**Problem to work on**
Give the lines below again, exactly as they stand, and leave out the images.

**Information supplied**
------------------------------------------------
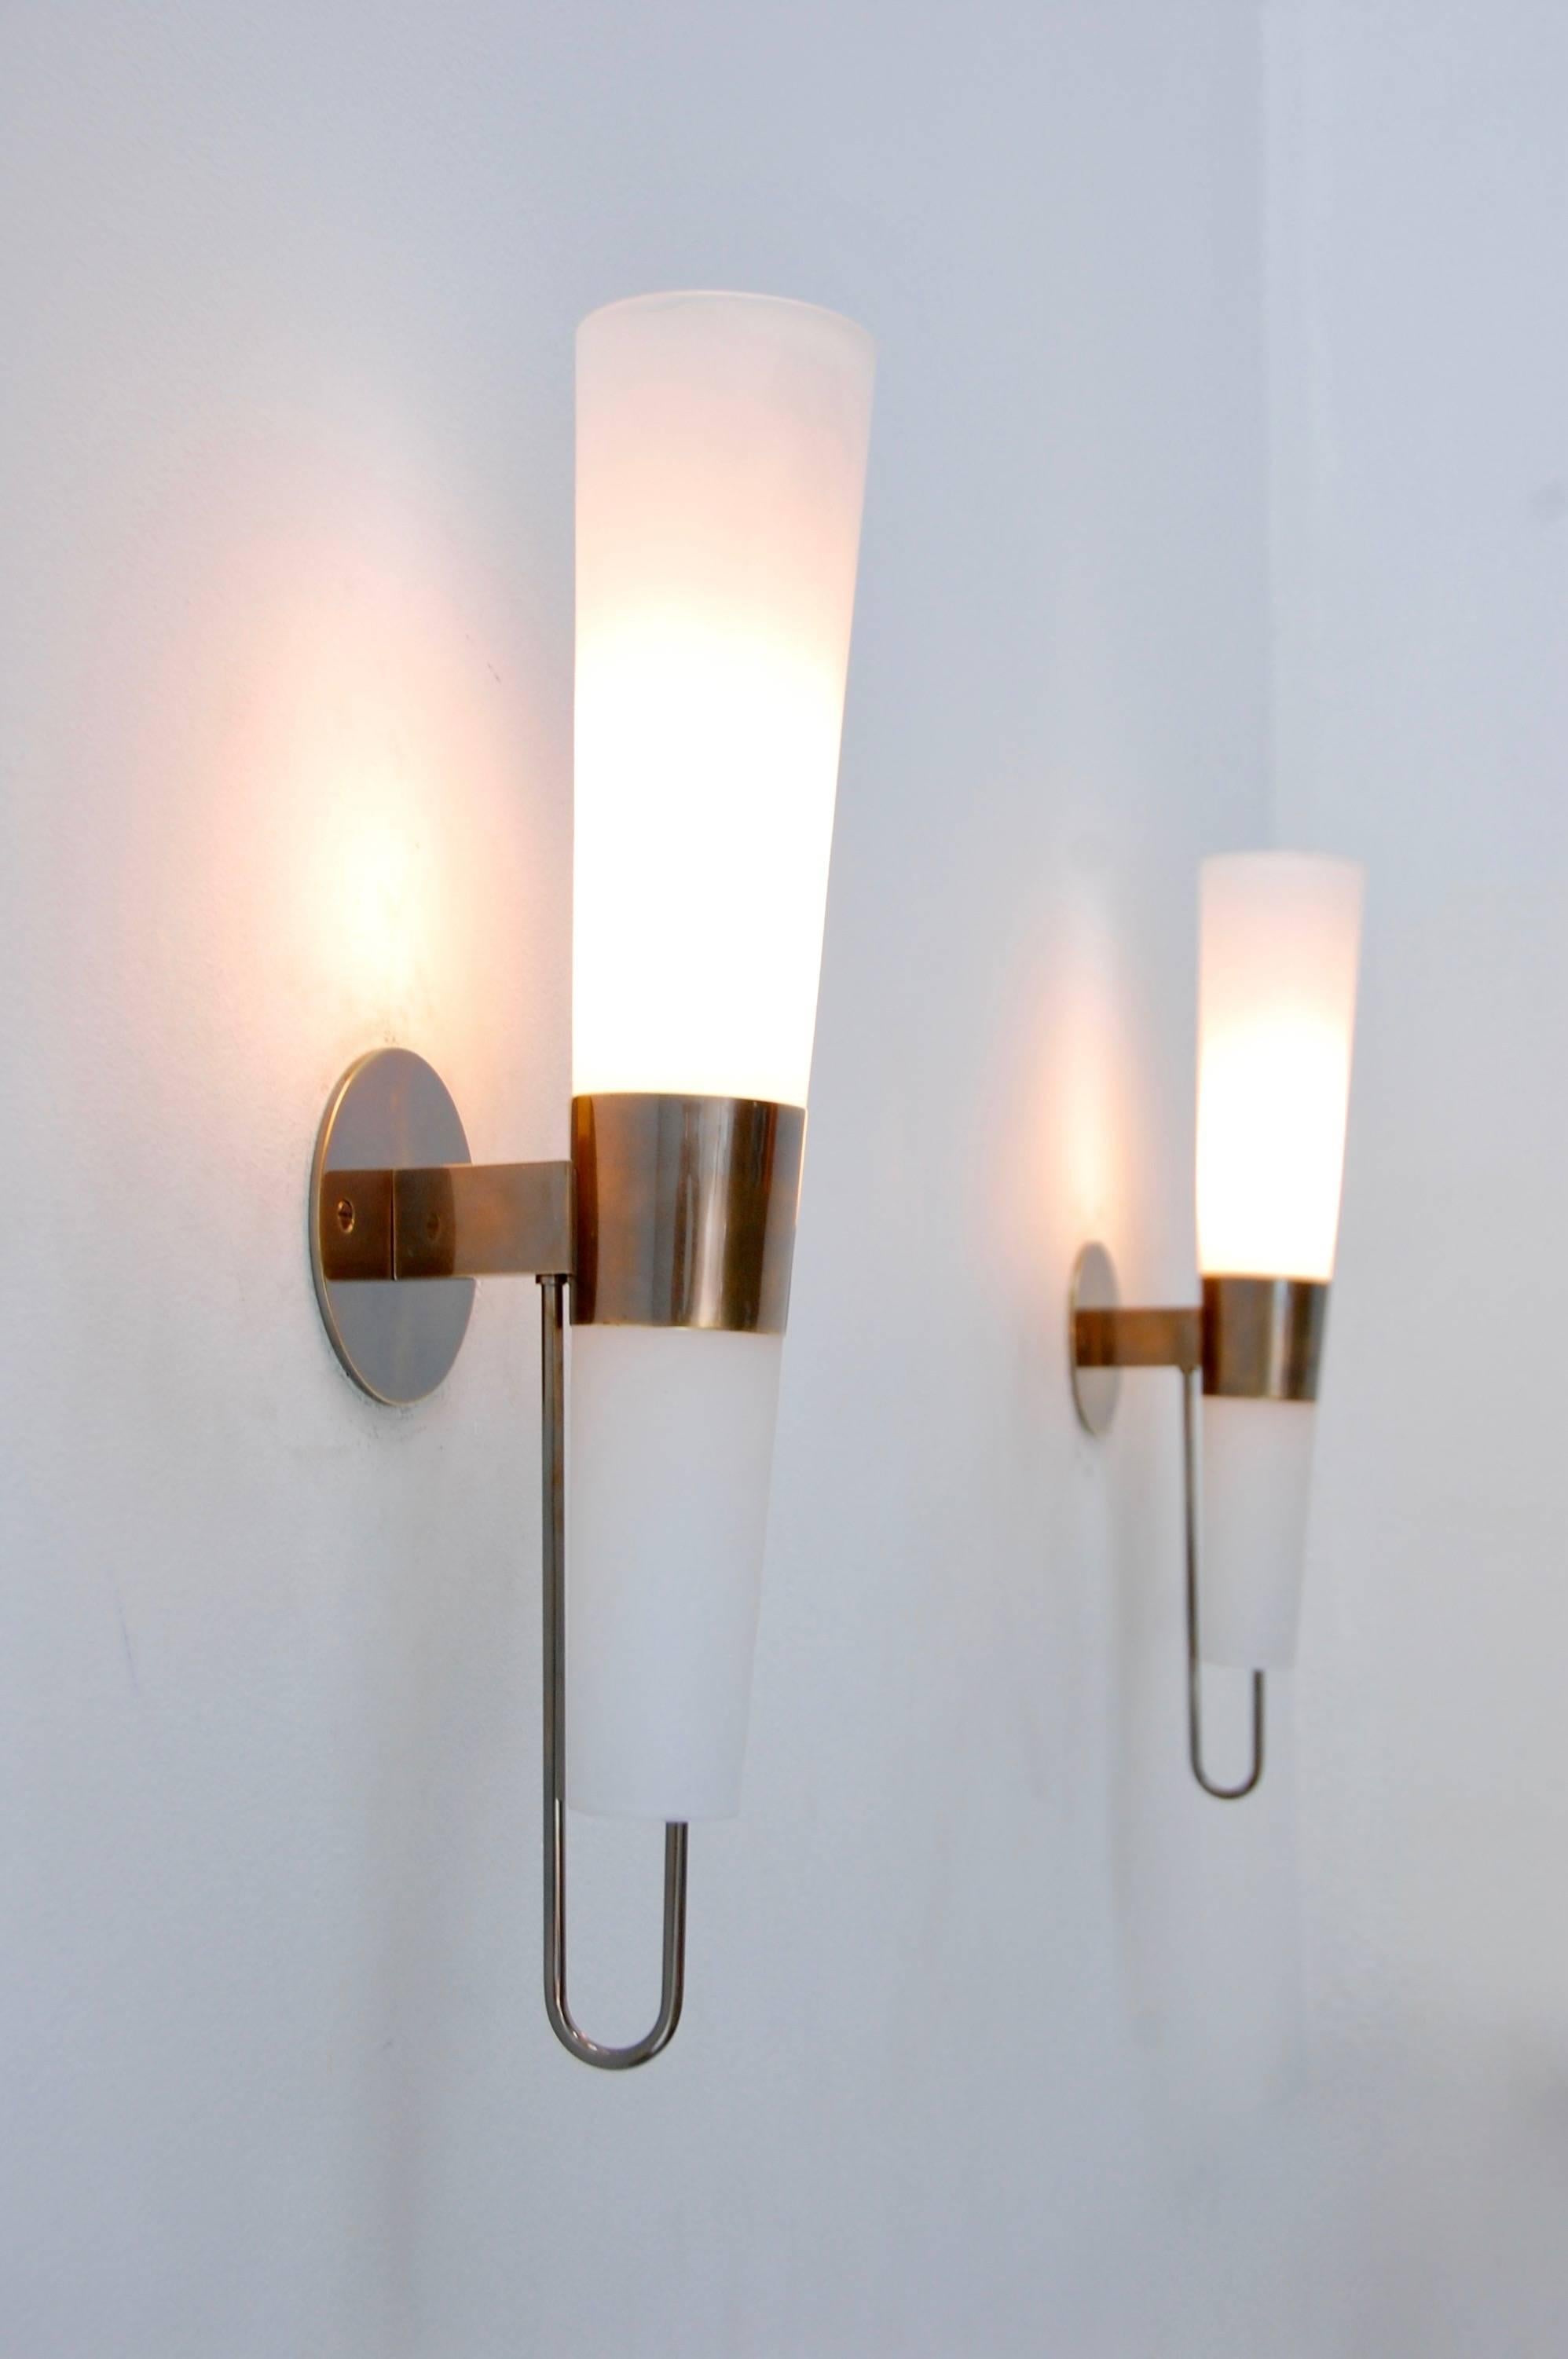 The LUchiere sconce is a wonderful and sleek bronze torchier sconce in a rich aged patinated brass finish and handblown glass shades. Based on an Italian design. Single medium based socket per sconce. Priced individually.
Measures: Height:
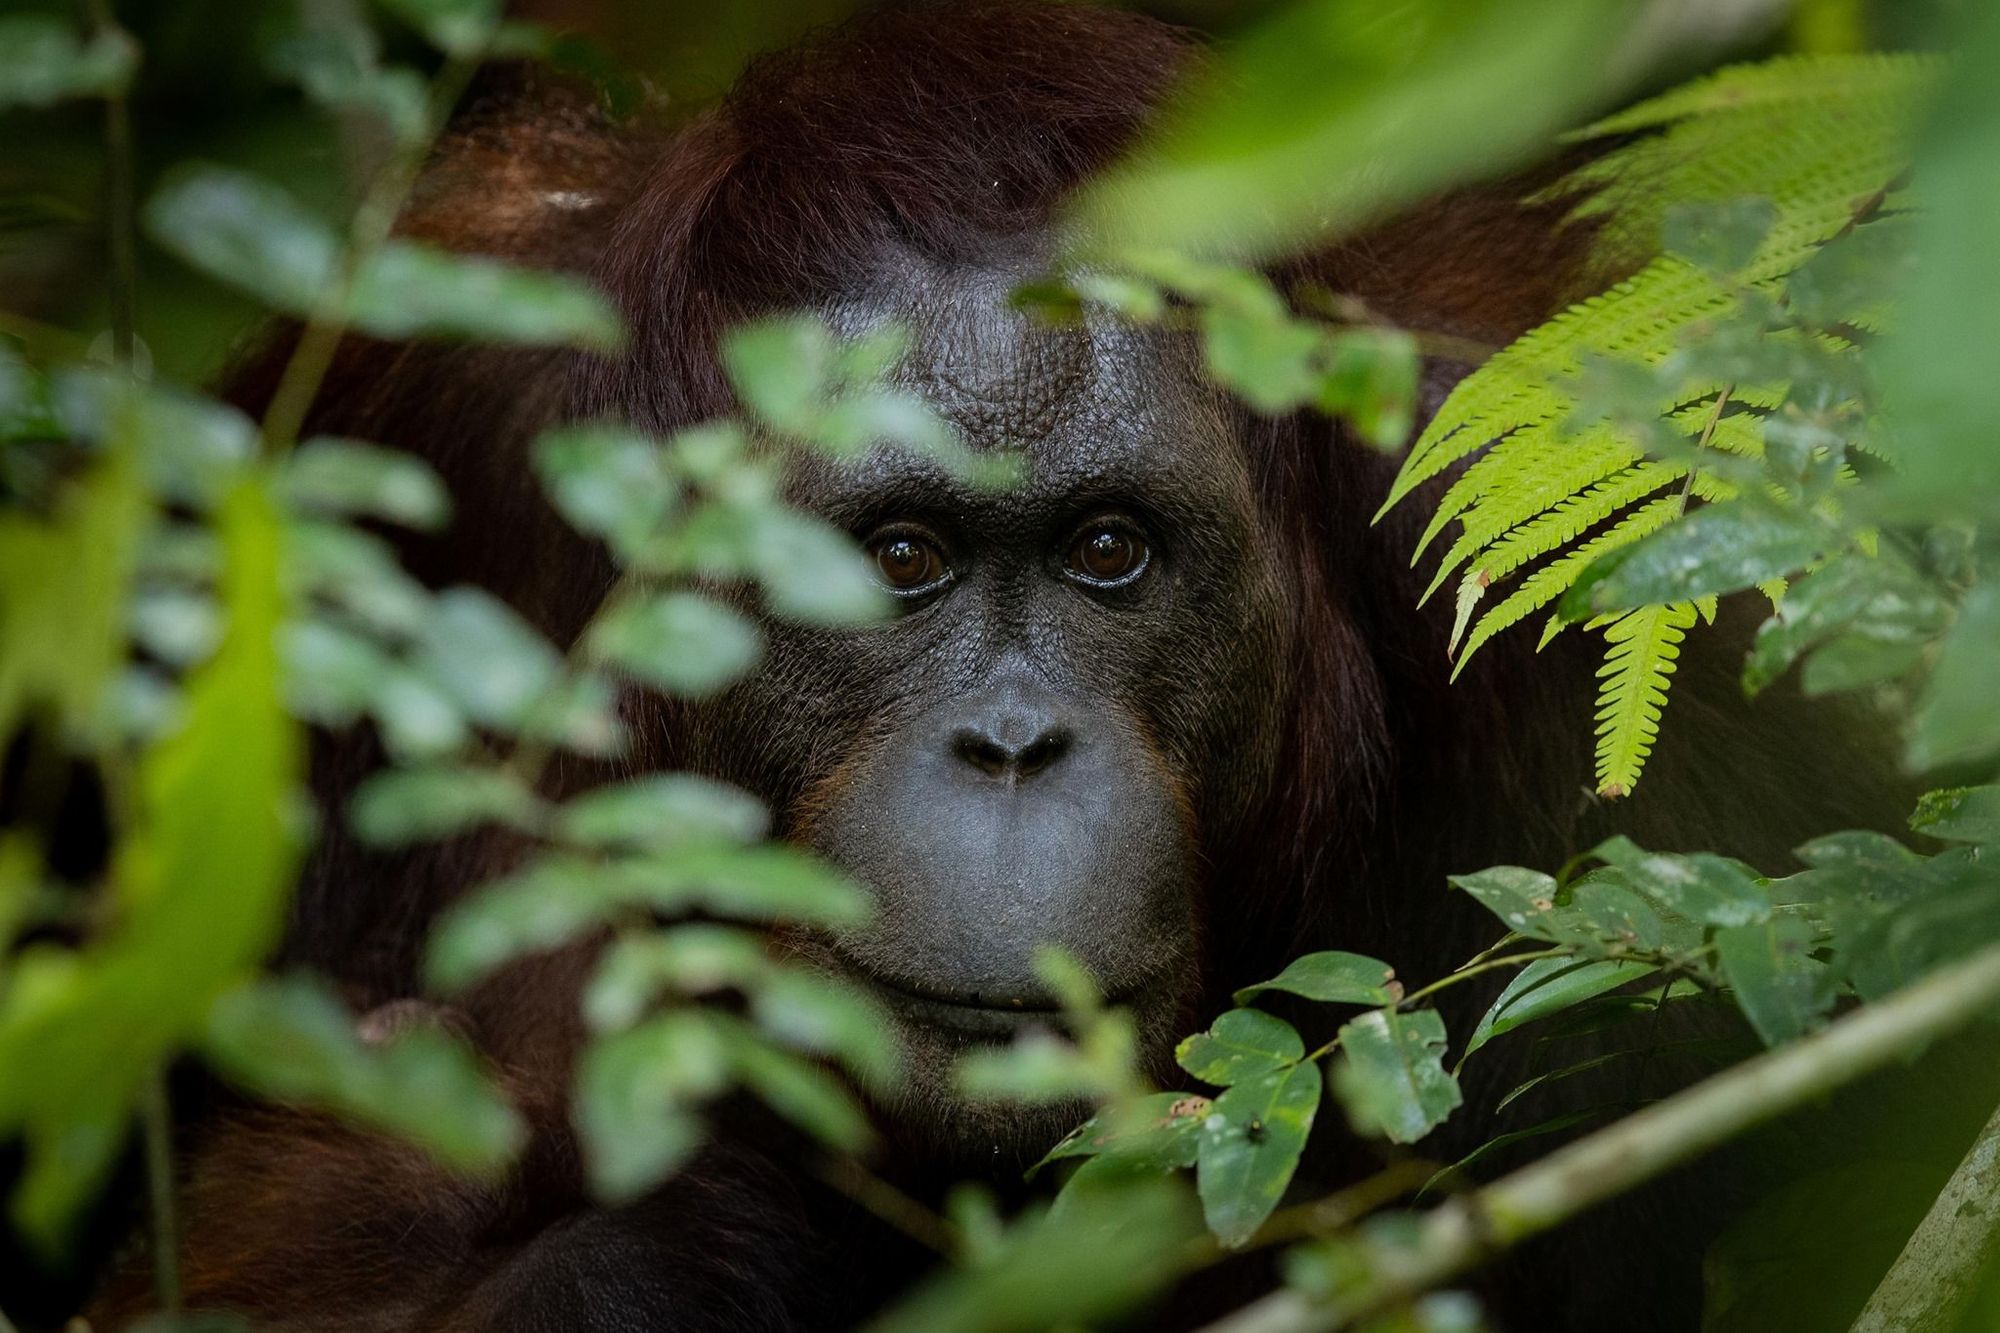 Borneo is one of only two places in the world where you can see orangutans in the wild. Photo: Paradeso Borneo
------------------------------------------------
**Solution**
 The LUchiere sconce is a wonderful and sleek bronze torchier sconce in a rich aged patinated brass finish and handblown glass shades. Based on an Italian design. Single medium based socket per sconce. Priced individually.
Measures: Height:
 Borneo is one of only two places in the world where you can see orangutans in the wild. Photo: Paradeso Borneo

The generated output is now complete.